Hernandez worries that the state’s current ID law could disenfranchise college students, who are often questioned about their residency requirements.

“If somebody is doubting you’re a resident because you’re a student, it’s hard for you to really feel comfortable declaring you’re a resident because of the situation,” Hernandez said. “If you do it wrong, there’s a fine and potentially jail time. If you do it right, I guess it’s fine. It’s a false choice. You’re basically saying, ‘To be careful, you shouldn’t vote.'”

Accessing the proper forms of photo ID is also a challenge for voters in a rural state that spans two time zones.

“You might have to drive, in some cases, 40, 50 minutes, even an hour to get to a place where you could get an ID,” McLeod said. 

There’s an Idaho county, for example, that’s roughly the same size as New Jersey.

Absentee ballots

Earlier this year, Idaho conducted its primary election entirely by mail. The state encouraged voters to request their absentee ballots well in advance and built a website to ease the process.

But the website crashed just prior to the May 19 registration deadline, resulting in a federal judge ordering the state to extend it.

“It was not as easy as it could have been,” McLeod said. “Some states just sent people absentee ballots. If you were registered to vote, they sent it to you. In Idaho, you had to ask.”

Neighboring Nevada, Oregon, Utah and Washington are among the nine states and Washington, D.C., that automatically mail absentee ballots to eligible voters. Montana, meanwhile, allows its counties to do so.

McLeod also worries about disruptions in the postal service, which could lead to ballots arriving late. In Idaho, absentee ballots for the general election must be received by 8 p.m. on Nov. 3. Their processing can start seven days prior to Election Day, but the counting can’t begin until the polls close.

“I filled out my absentee ballot, and it explicitly said it could take five days,” McLeod said. “There are two different post offices in Moscow, Idaho, but even if you drop it off at one, it could take five days to get to a building that’s maybe a mile from where I am right now. Go figure.”

Despite the challenges, mail-in voting boosted turnout in the primary, which garnered 38.1% voter turnout, the highest since 1980

Ripley expects the trend to continue in the general election. Without a statewide mask mandate, she said, some voters will choose to vote absentee rather than risk voting in person.

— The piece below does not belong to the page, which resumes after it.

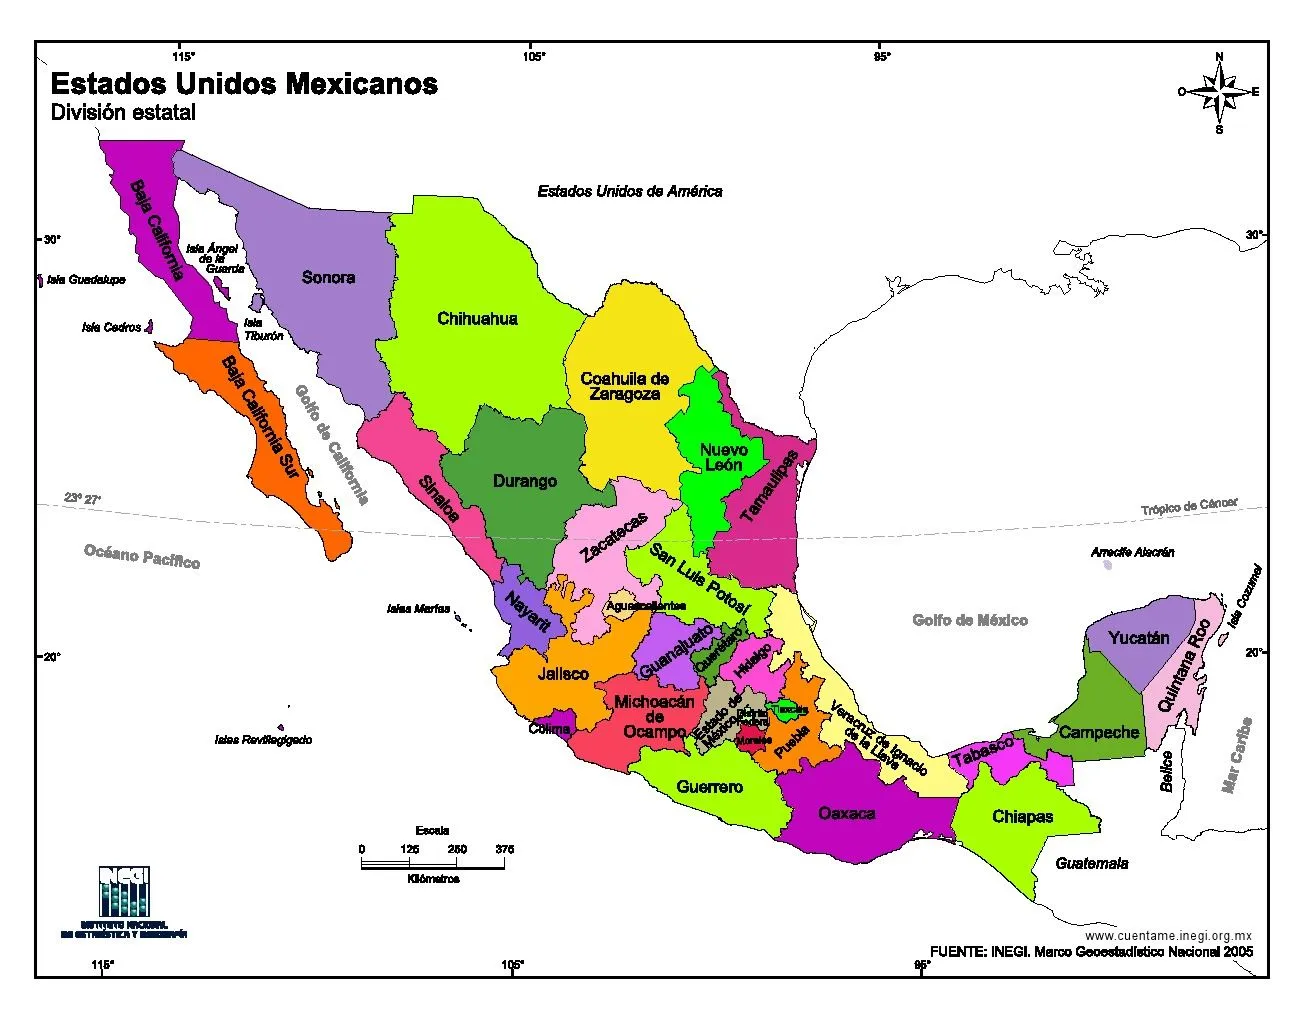 Mapa de México con nombres

But Idaho Secretary of State Lawerence Denney, a Republican, sees mail-in voting as a temporary measure. Even though it led to higher voter turnout, he has said it’s unlikely the state will move entirely to a vote-by-mail system in the future.

“I think we’re pretty traditional in Idaho,” Denney told a local NBC affiliate. “A lot of people like to show up at the polls on Election Day, and I think that’s part of what we are in Idaho.”

McLeod gives credit to Idaho Republicans for expanding mail-in voting in the primary this year despite the Trump administration’s stance, which he calls “a ploy to discourage access to voting, which some people believe will favor their side in elections.”

“The [right to vote] has always been seen as a partisan issue because who gets to vote helps to determine who wins elections,” McLeod said. “If certain people can’t vote, their voices aren’t heard, elected officials don’t have to listen to them and policies aren’t changed in their favor.”